I still remember sitting there on her sofa, her forehead leaning over mine, holding both my hands in her hands, with a ball of yarn attached, while together we made the motions of casting on. I probably remember this wrong, but it seems like ten minutes later, when I was completely confused, she determined I was ready to learn the knit stitch, which felt like I needed ten hands and four thumbs and was completely impossible. Another ten minutes and she was showing me how to purl. What?! My brain hasn't wrapped around these two things and you want me to learn another? So I knit, learned what frogging meant, and muttered under my breath, but I pushed on. To say I was an angry knitter was an understatement.

The next day we cleared her dining room table, took the nightgown pattern apart and laid out the tissue paper pieces on the first piece of fabric. She cut it out. I showed her how to sew straight lines and press the pedal, while taking care not to sew over her fingers. As soon as that was mastered I showed her how to baste and gather, how to sew in a ruffle, how to set in sleeves, do facings, and finally, to make buttonholes and sew on buttons. Four hours later she had survived and had produced a long-sleeved flannel nightgown with a ruffle at the hem and tiny buttons down the back. Keeping with her determined first-born personality, she immediately laid out the next piece of fabric and repeated the entire process, alone, and sewed that one in two hours. At the end of the day she could truly say she could sew.
So seven years later she sews beautiful quilts made up of tiny patches of bright fabric, and window treatments and squishy toys and more nightgowns and such. She loves it, and I love that she loves it. I am confident she will not sell her sewing machine at a garage sale, ever. Her nine year old daughter has her own machine and sews delightful things she's concocted and that tickles me even more. Pass it on!

So me? I've not only kept up knitting, she was right - I actually love it. While she has really progressed as a seamstress, I have improved with my knitting but not at the level she has. And that is quite okay. Ann Hood, said it well, in her book 'Knitting Yarns' "After seven years, I am a very good beginning knitter. And I'm fine with that. I'm sure I'll improve over the next twenty to thirty years, as I continue to knit, but even if I didn't I'd keep at it. Producing hats and scarves and sweaters and such that may or may not fit anyone.
Knitting, for me, is not at all about the product that results. It is the process. The magical taking a ball of string and two sticks and with swishes of my hands making a something, all the while, much more importantly, making a space for me. To let my mind wander over a myriad of things, never settling too long on any one. To let things come to the surface, flit across my brain feeling no heavier than fairy dust, and let them go, to possibly consider again later.

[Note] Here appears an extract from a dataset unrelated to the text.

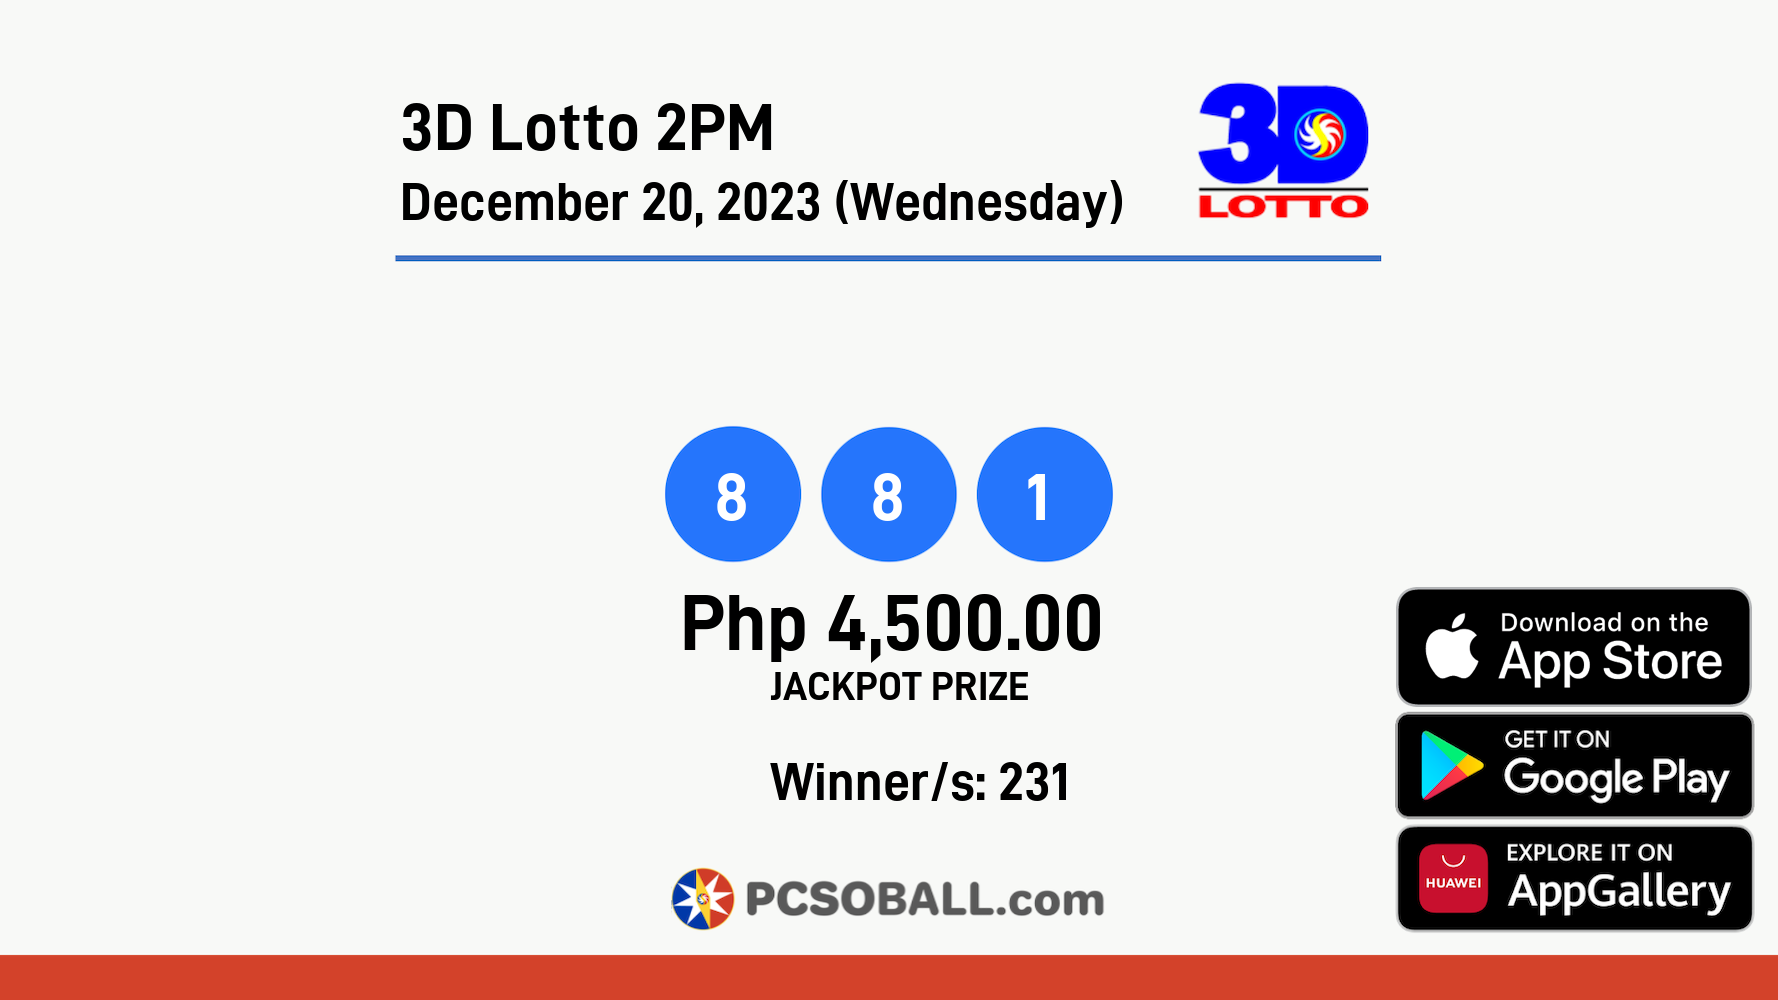 3D Lotto 2PM December 20, 2023 (Wednesday) Result

It gives me a place to go away, while still being amongst others. Nobody is more surprised than me that I have grown to have a sweet love of knitting. I can be present with others, a ball of yarn and needles in my lap, and not be thought rude. It is the being rather than doing that pulls me toward it. And just once in awhile, it's the beautiful balls of colored wool, all sitting in their little cubbys at the yarn store, calling my name. When that happens I climb into my own minivan, and go alone, not feeling the least bit guilty, because I've already done my share of time putting back little packets of embroidery thread and slinking out the door.

So, if you've never tried knitting - I highly recommend it on many levels! You can actually go to this link and watch the videos, or buy Elizabeth Zimmerman's book. Or do what my daughter did, pick up Susan B. Anderson's book. Susan knits continental style, and often with circular needles, so consequently my daughter and I do also.

I've got a few websites I love to go to, just to see what they're knitting lately:
Heather at Beauty that Moves
Amanda Blake Soule at Soule Mama
and Susan B. Anderson at Here

Websites that are so beautiful, they'll fill your heart, even if you don't want to learn to knit. Or spend too much money on balls of beautiful wool yarn.

But, if you decide to try it? Give it a chance? You'll love it, and eventually, if you stick with it, you can be a really good beginner. I promise.